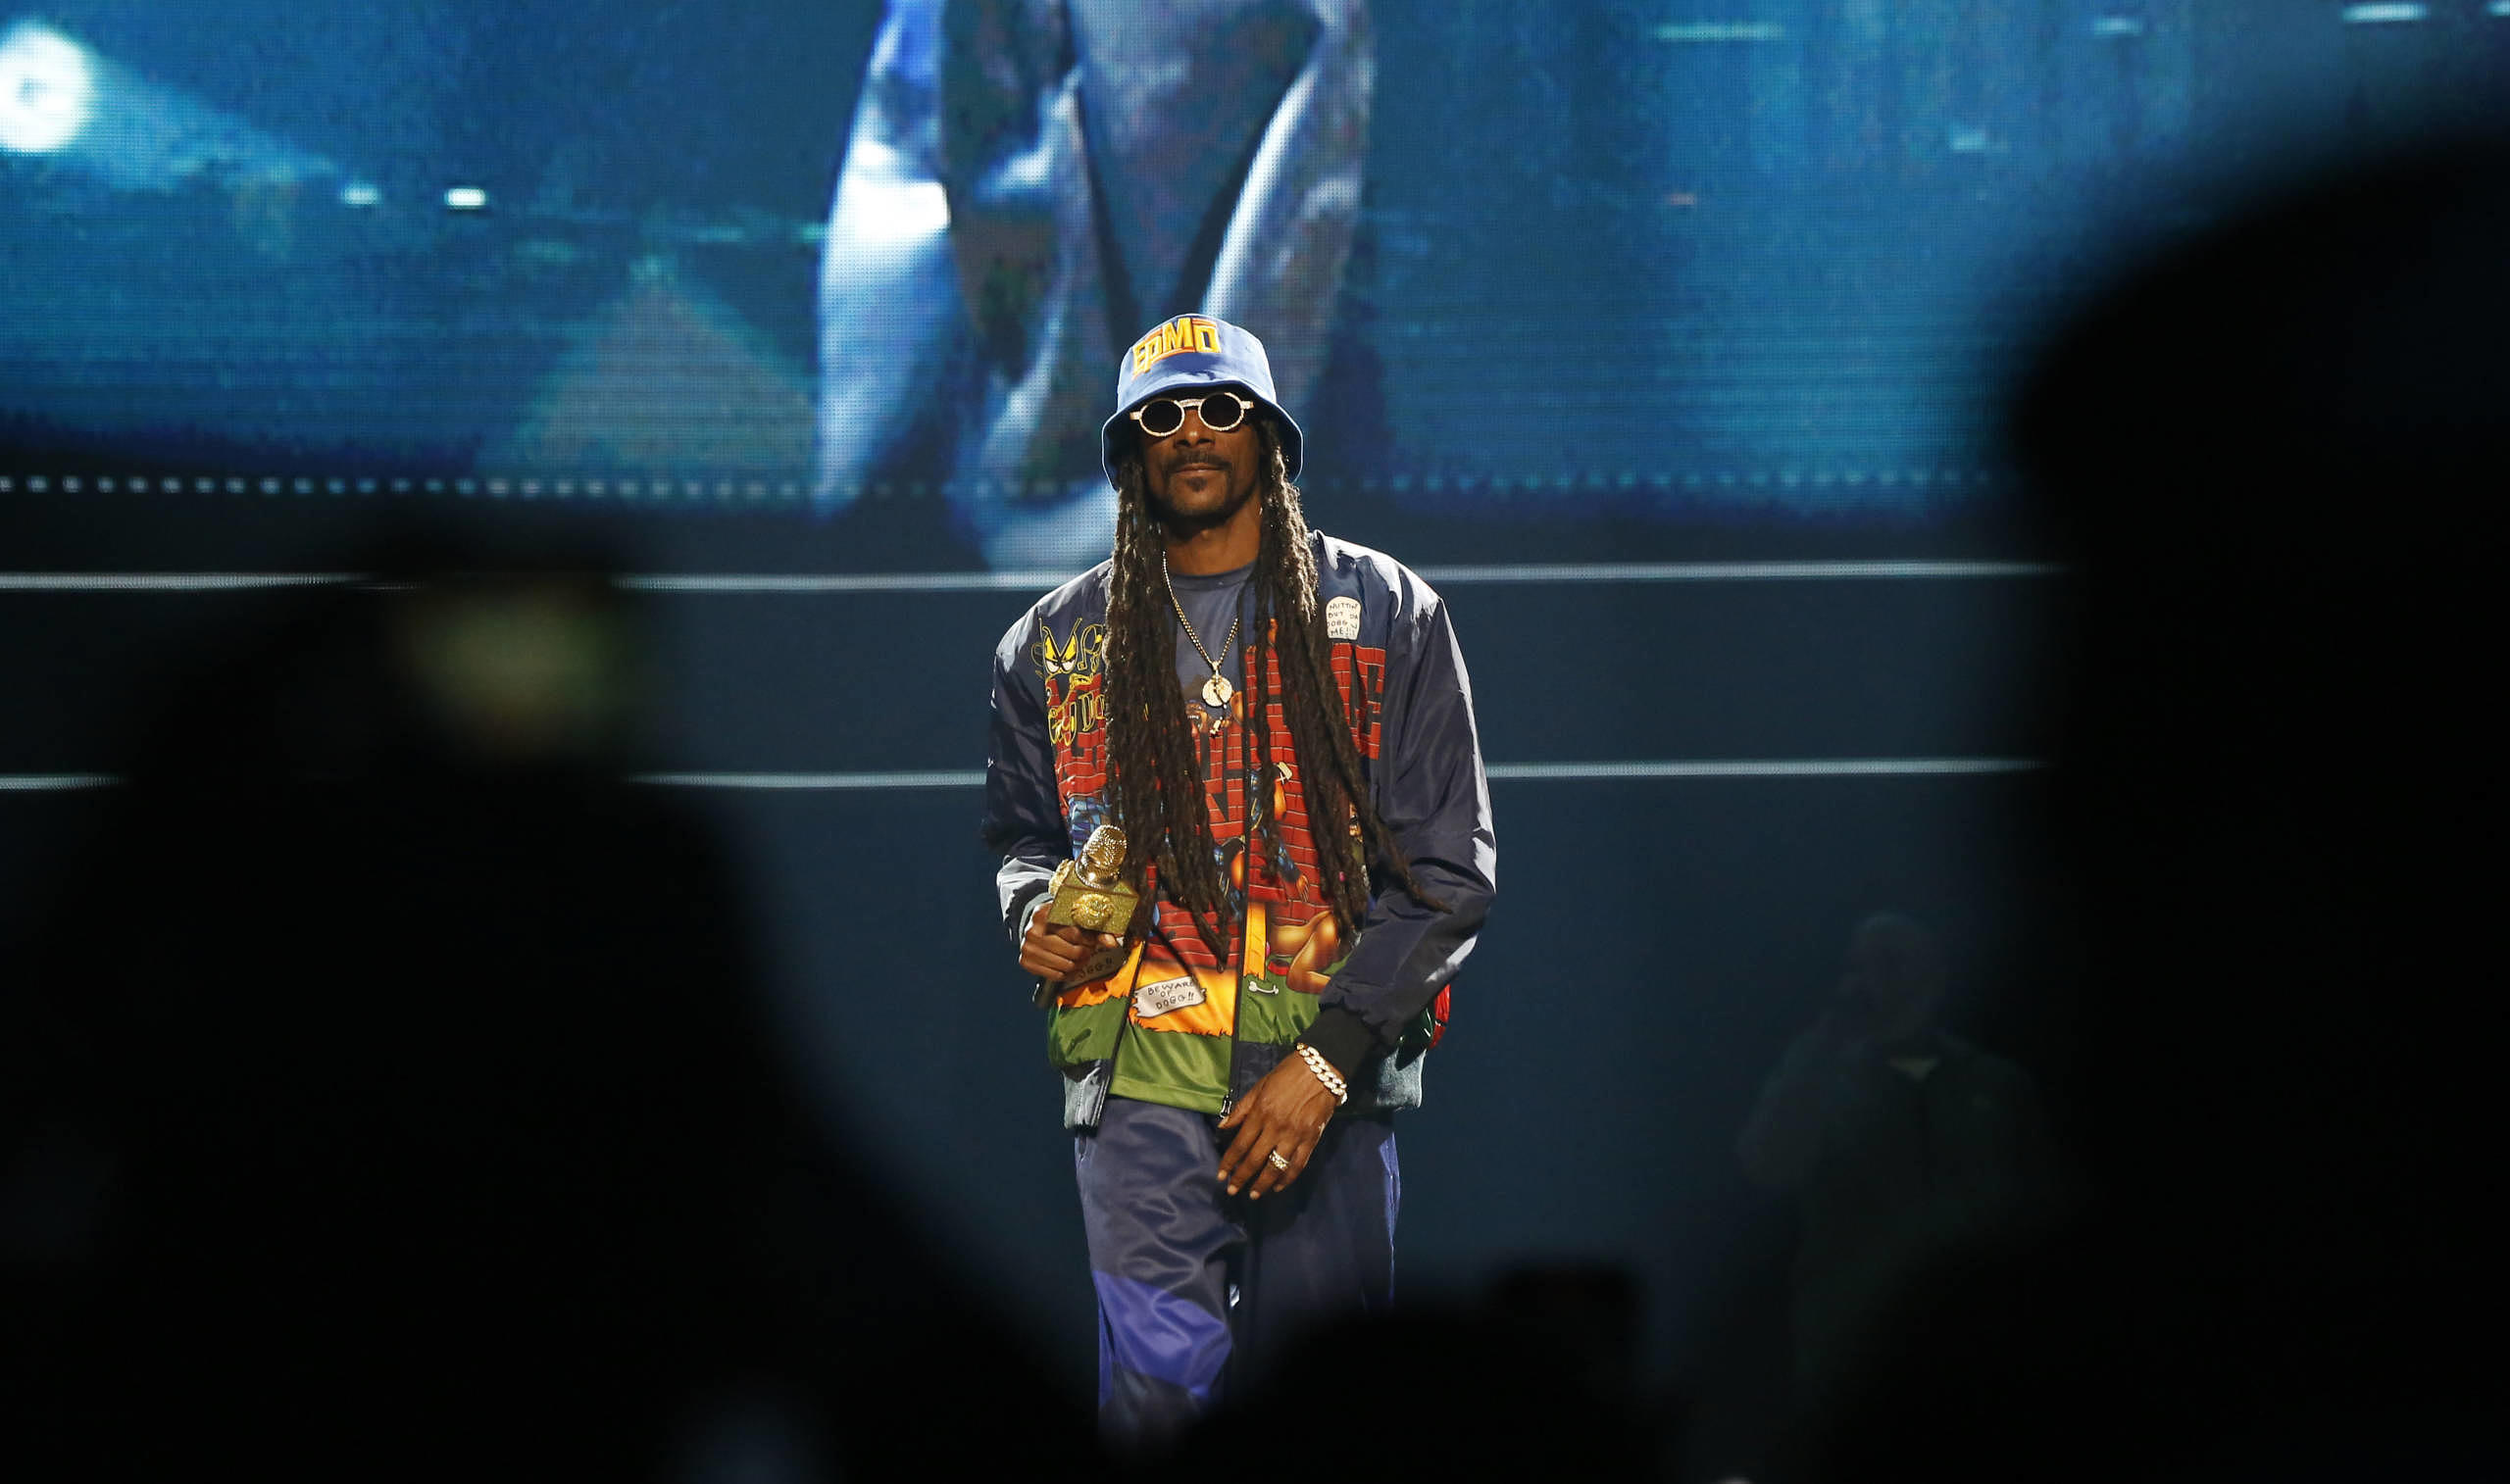 Rapper Snoop Dogg am 02 Oktober 2021 in Las Vegas, Nevada. (Foto von Gabe Ginsberg/Getty Images for RMG)
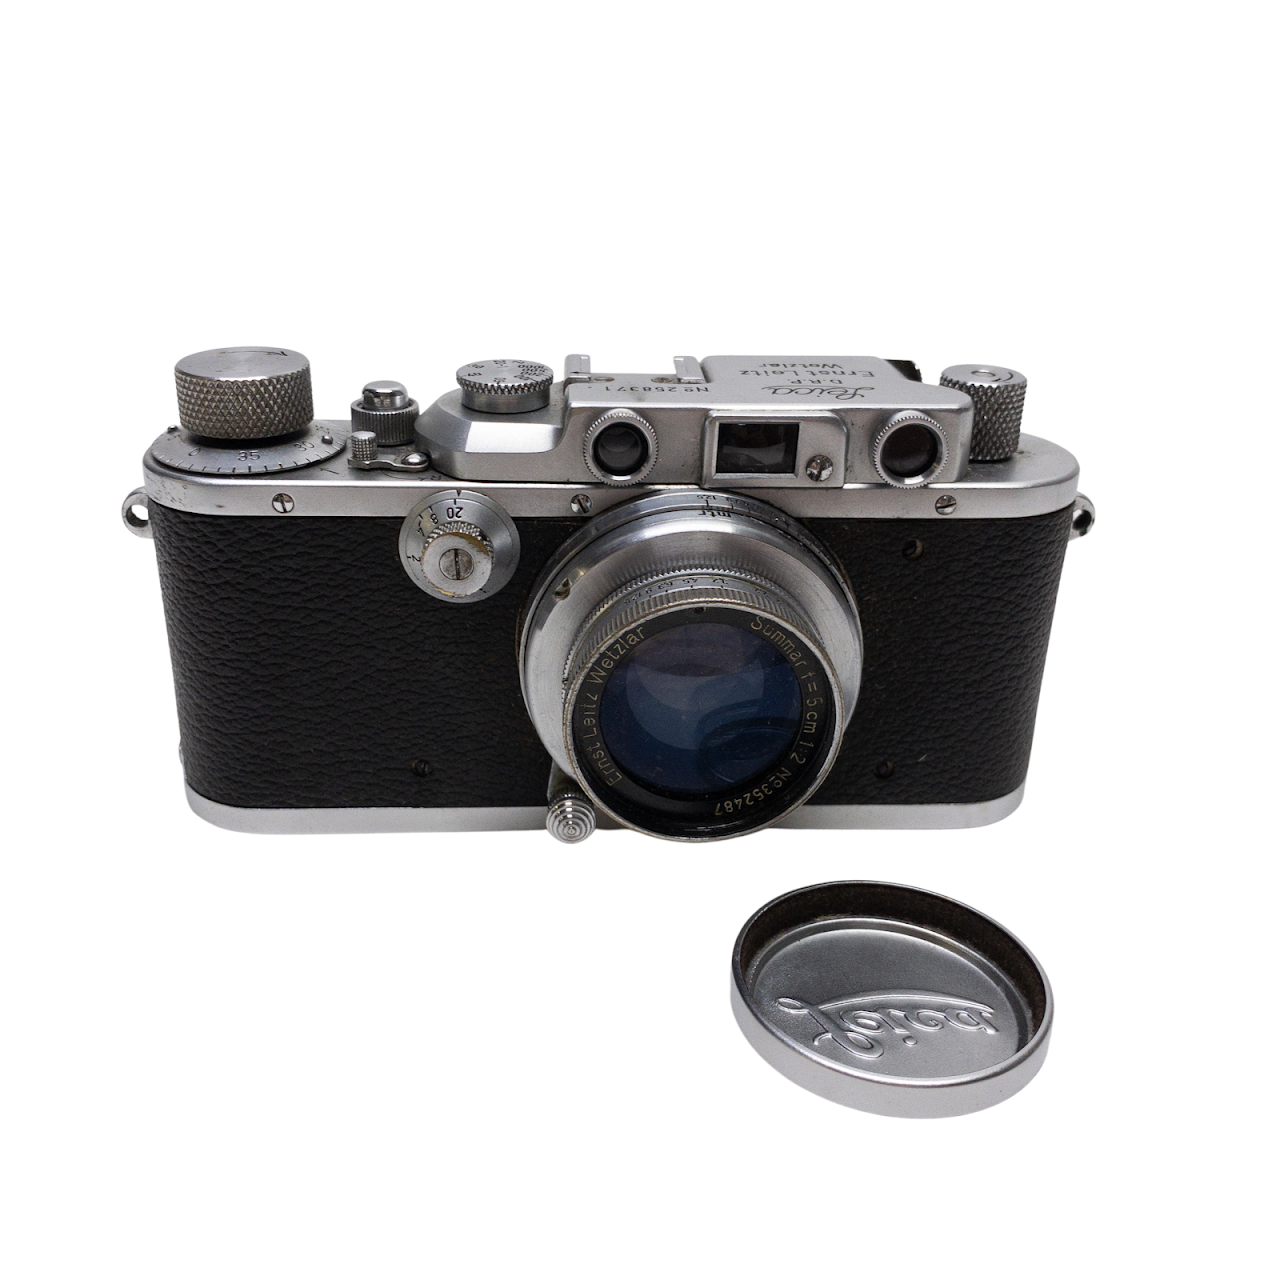 Leica DRP No. 258371 Camera with Leather Case, 5cm Summar Lense
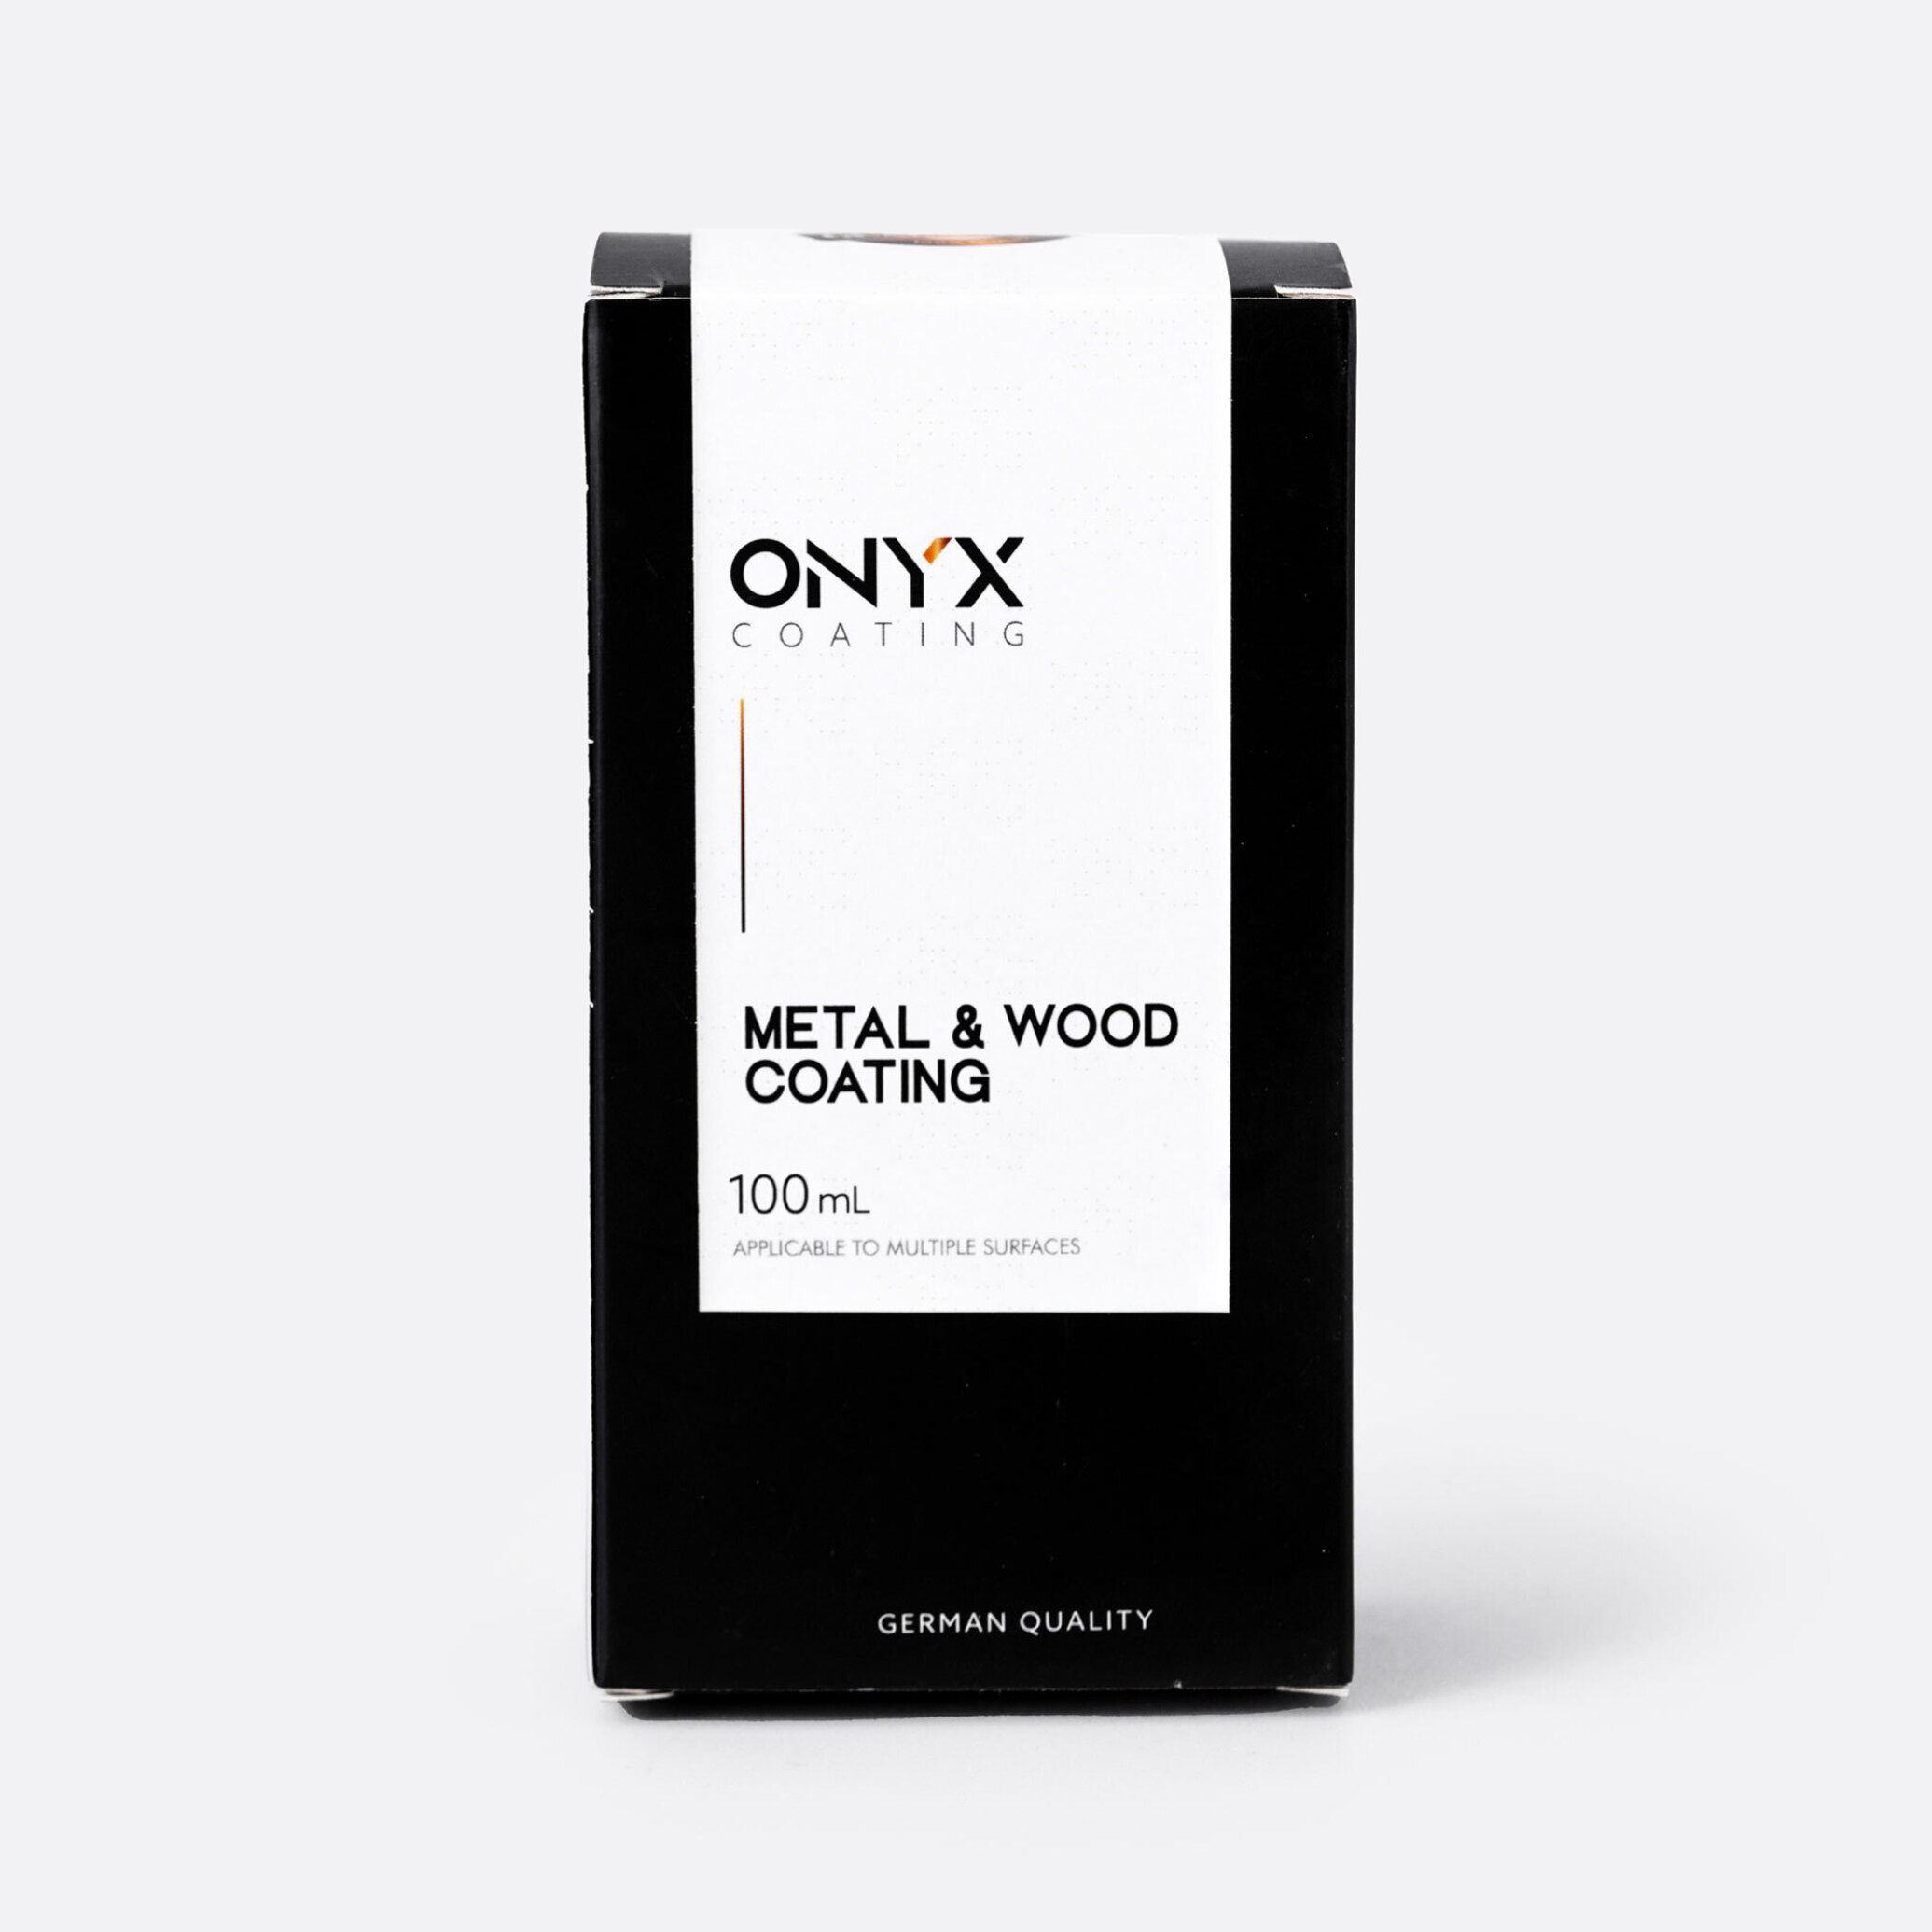  Onyx Metal & Wood Coating
■ ■ ■
Aside from the pictures, repeat the listing exactly.

 Rapper Snoop Dogg am 02 Oktober 2021 in Las Vegas, Nevada. (Foto von Gabe Ginsberg/Getty Images for RMG)
 Leica DRP No. 258371 Camera with Leather Case, 5cm Summar Lense
  Onyx Metal & Wood Coating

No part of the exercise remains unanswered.